Directions for this task:
All the data below goes into the copy word for word, but the pictures don't.

Data excerpt:
----

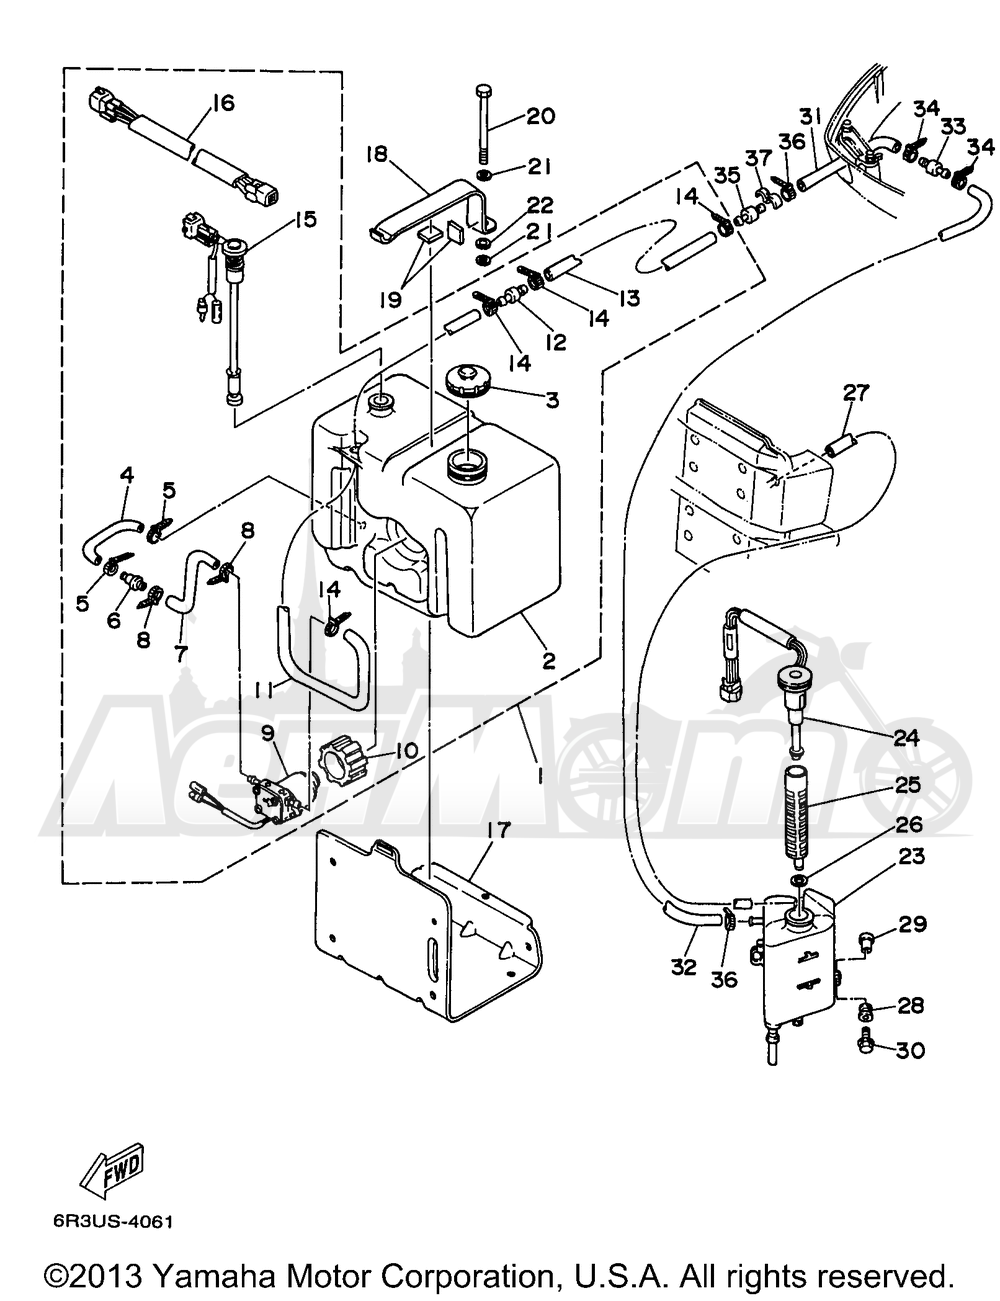 Запчасти для Лодочного мотора Yamaha 1997 225TLRV Раздел: OIL TANK | маслобак
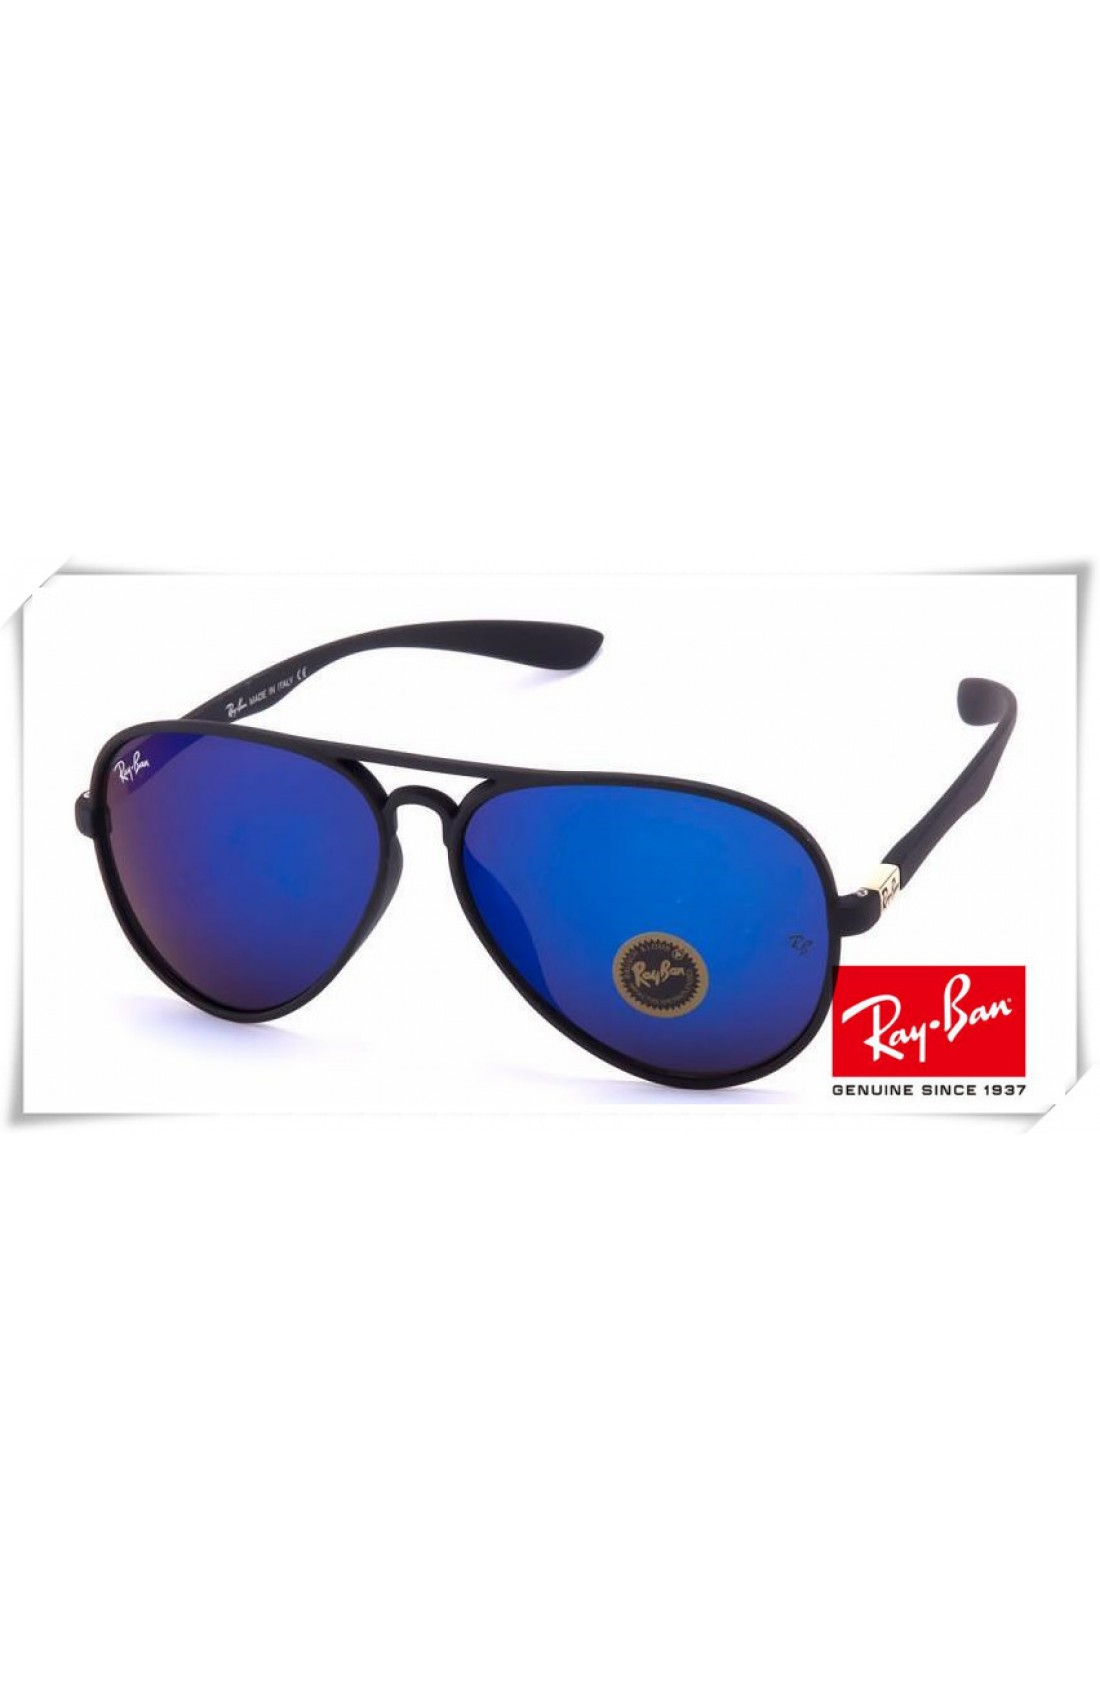 ray ban sunglasses genuine since 1937
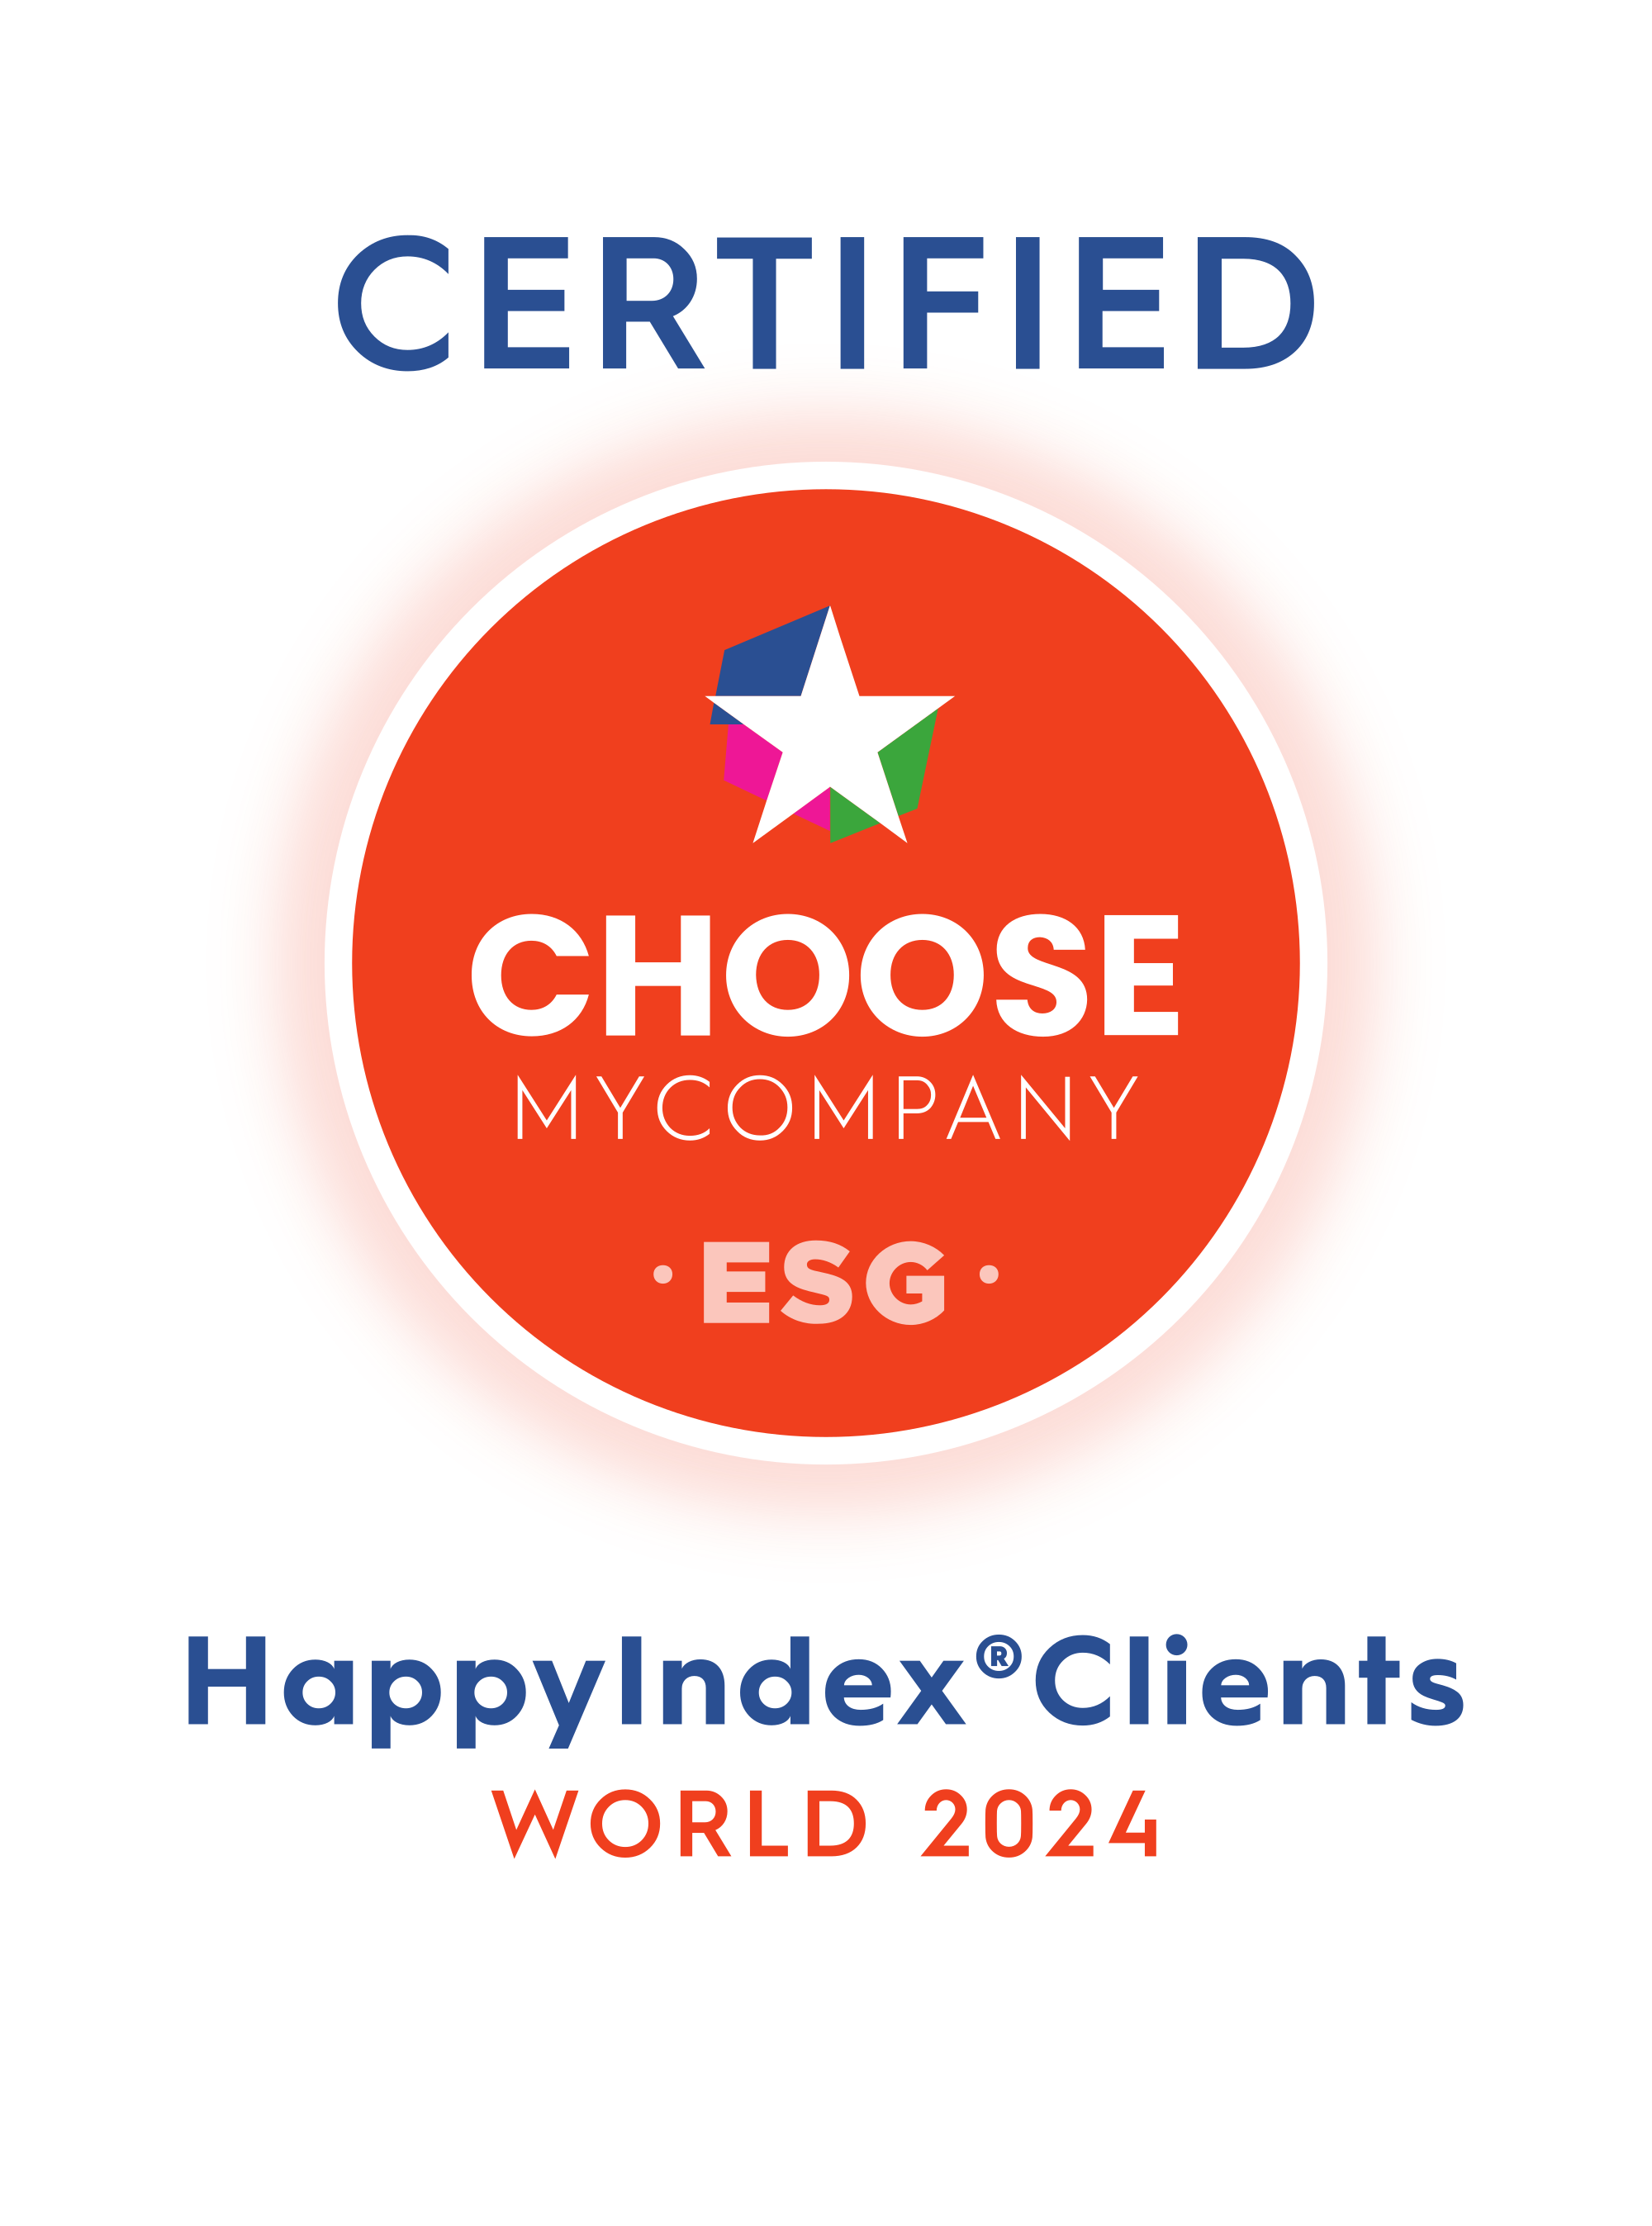 LumApps Awarded the Prestigious HappyIndex®Clients World 2024 Label by ChooseMyCompany

----

Exercise result:
 Запчасти для Лодочного мотора Yamaha 1997 225TLRV Раздел: OIL TANK | маслобак
 ray ban sunglasses genuine since 1937
 LumApps Awarded the Prestigious HappyIndex®Clients World 2024 Label by ChooseMyCompany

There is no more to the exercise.